Superstitious faith is the kind of faith the devil has. (James 2:19) Rather than humbly submit to a superior God, superstitious people believe in a Force that can be manipulated if they learn which ropes to pull.

Their faith is not in the Force, but in their ability to control the force. The belief that miracles (magic?) can be wrought through many people praying long and hard is the most common manifestation of this kind of superstition amongst professing Christians. (Matthew 6:7)

But along with these schemes to get health and wealth from God are superstitions about getting into heaven as well.

BB4 18Years ago, charismatics in Australia made headlines when a woman they were trying to cast devils from died during their exorcism. They prayed over her body for days in the hope she would be resurrected.We call this "name it and claim it" theology, or salvation by bluff. The idea is to make God feel obliged to turn the "confession of faith" into reality. They think if they say often enough and loudly enough that they know that they know that they KNOW they are saved (or healed), they might actually BE saved (or healed).

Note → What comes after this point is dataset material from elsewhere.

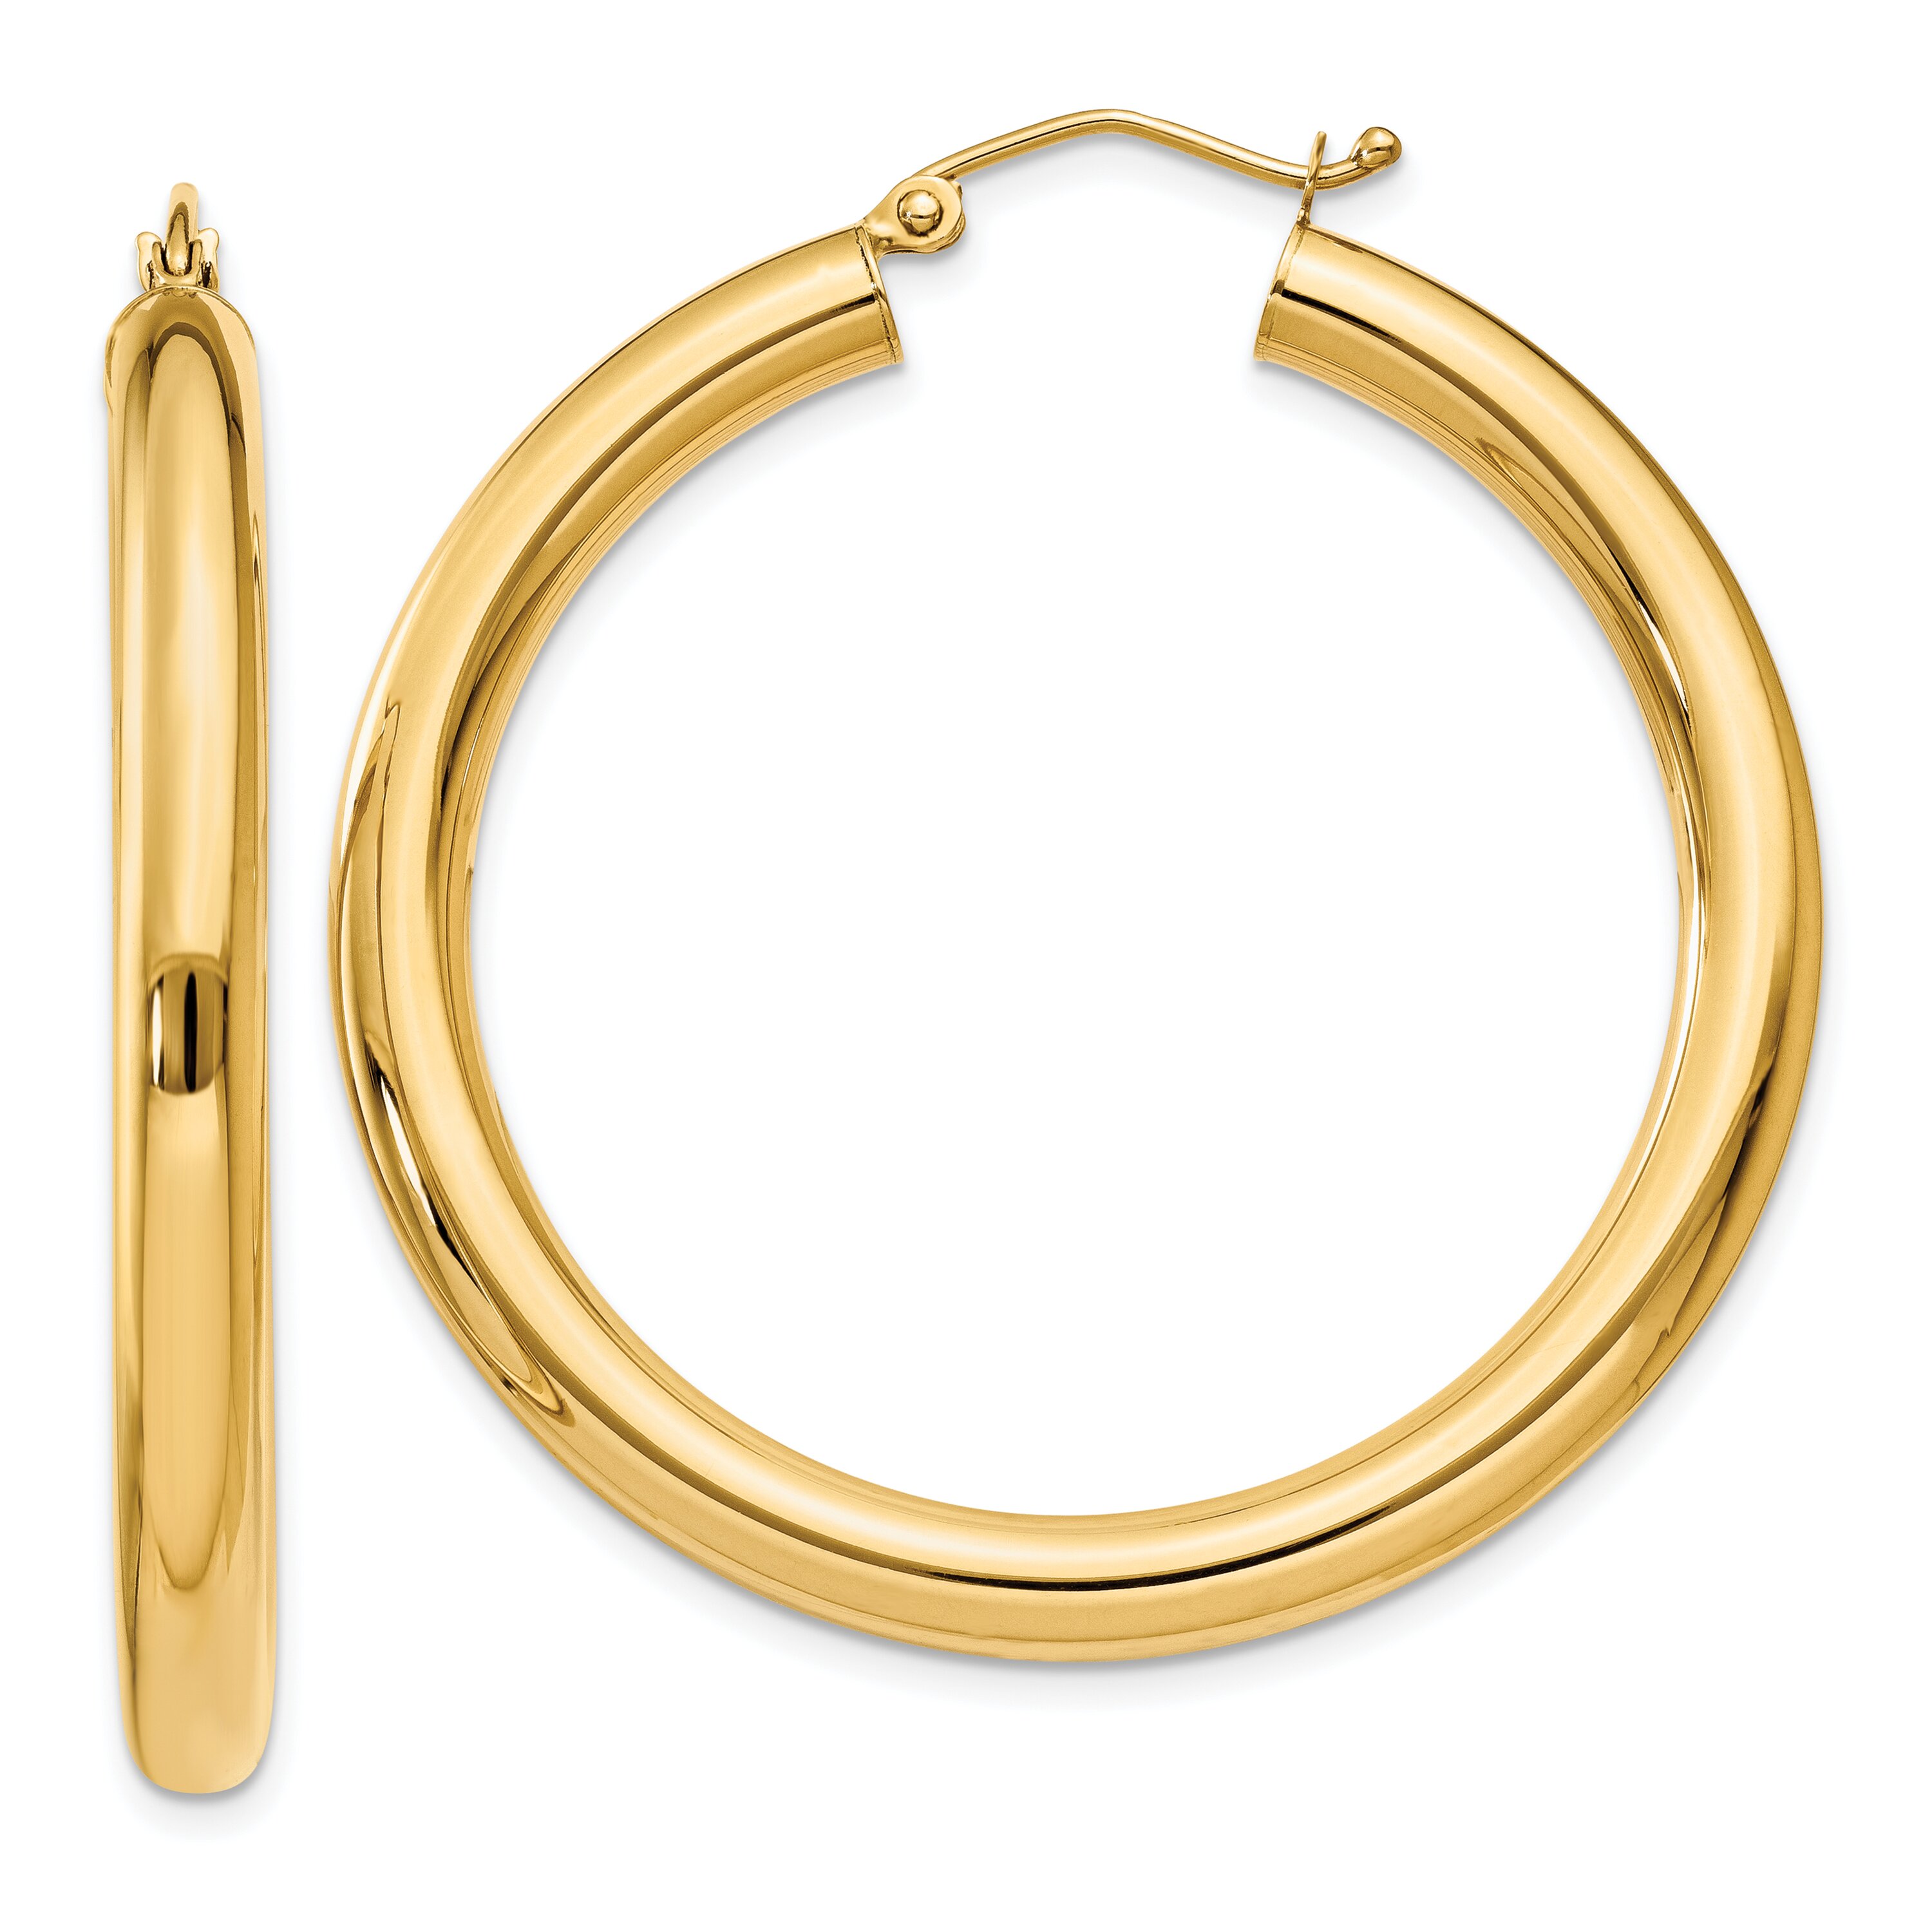 Findingking 14K Yellow Gold Tube Hoop Earrings Polished Jewelry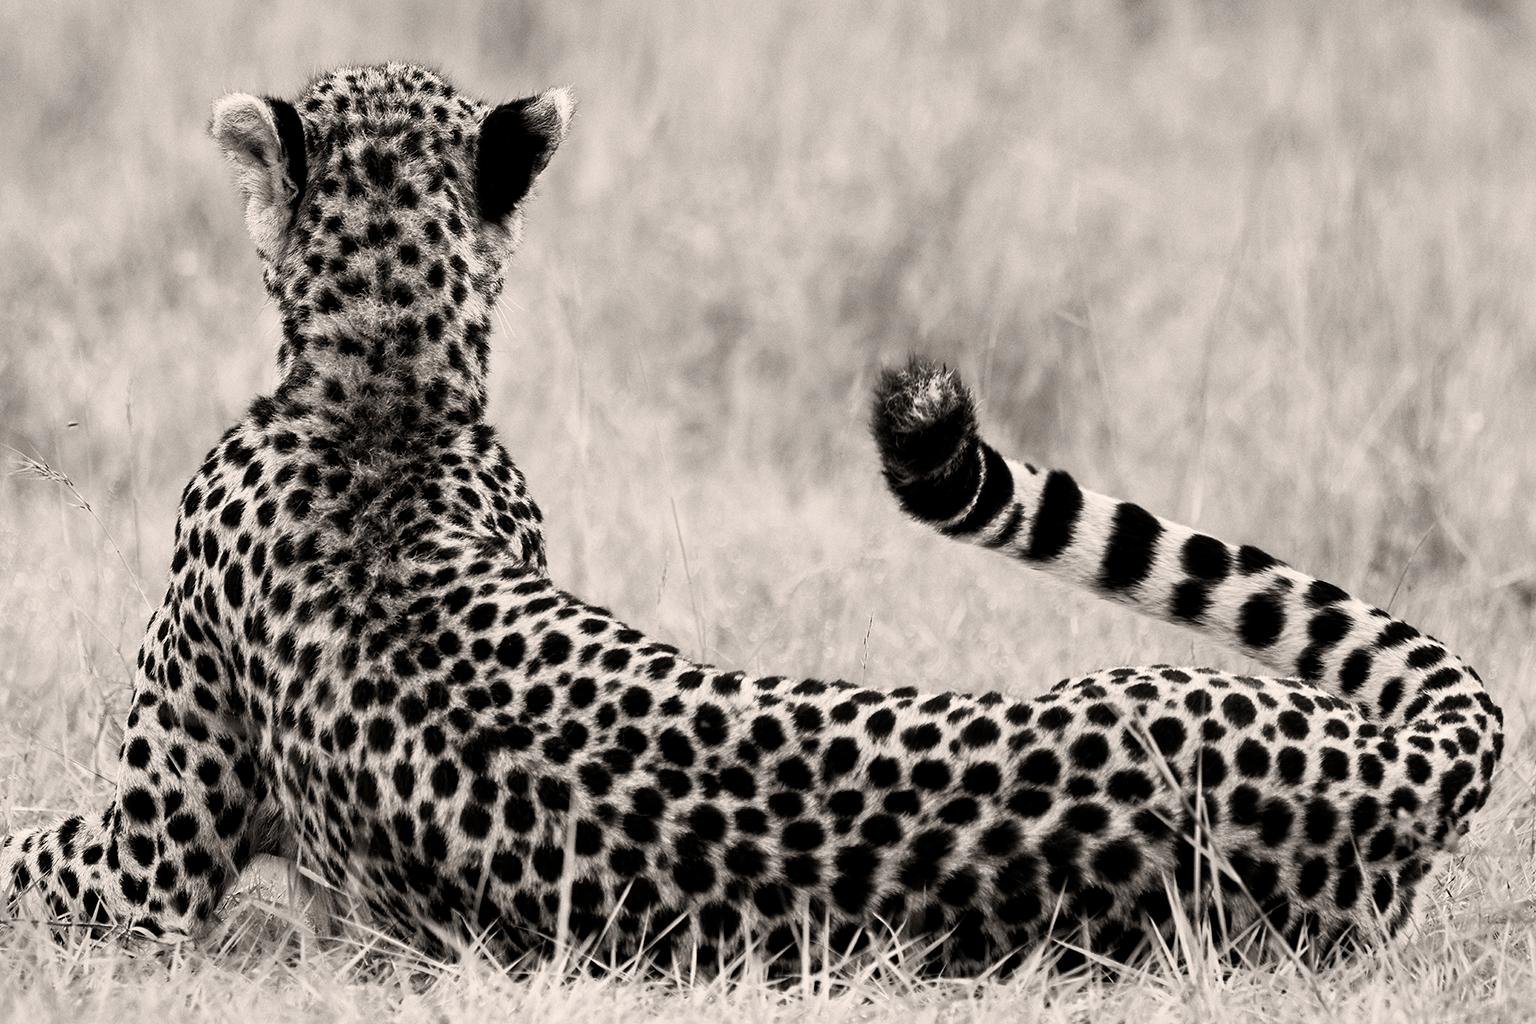 Joachim Schmeisser Portrait Photograph - The Divine, animal, black and white photography, cheetah, africa

It was blind faith in their rightness with God that made the Pharisees such arrogant pigs. And much the same can be said for the average evangelical. They leave no room for the possibility that their pat formulas for salvation may be flawed.

Faith in a salvation formula rather than faith in God himself is a form of superstition. The fact that the apostles never once suggested that saying a little prayer would guarantee a place in heaven, and the fact that Christ said people must obey him to be Christians rarely get through to them. Such thoughts are seen as demonic attacks on their "faith", so that even Christ himself must be forced out of their minds.

Like that poor band of fanatics praying around a dead woman, they have invented a superstition that suits them; and they risk everything on the hope that, if they repeat it often enough, it'll eventually come true.
BB4 19
We hasten to add that God may still respond to people who use superstitious practices, if he knows that they are doing so in ignorance. This explains why some people have a genuine conversion experience (i.e. their lives are actually changed and a lifelong relationship with Christ results) when they perform some religious ritual associated with his name.

But what God is responding to is their sincere faith, and not the ritual. That is why rituals that "work" in one situation do not work in others. The ritual is a superstitious lie, but the faith behind it is not.

Knowing this should help us to understand how faith works in the life of a non-Christian as well, even if the underlying ritual or practice is quite superstitious.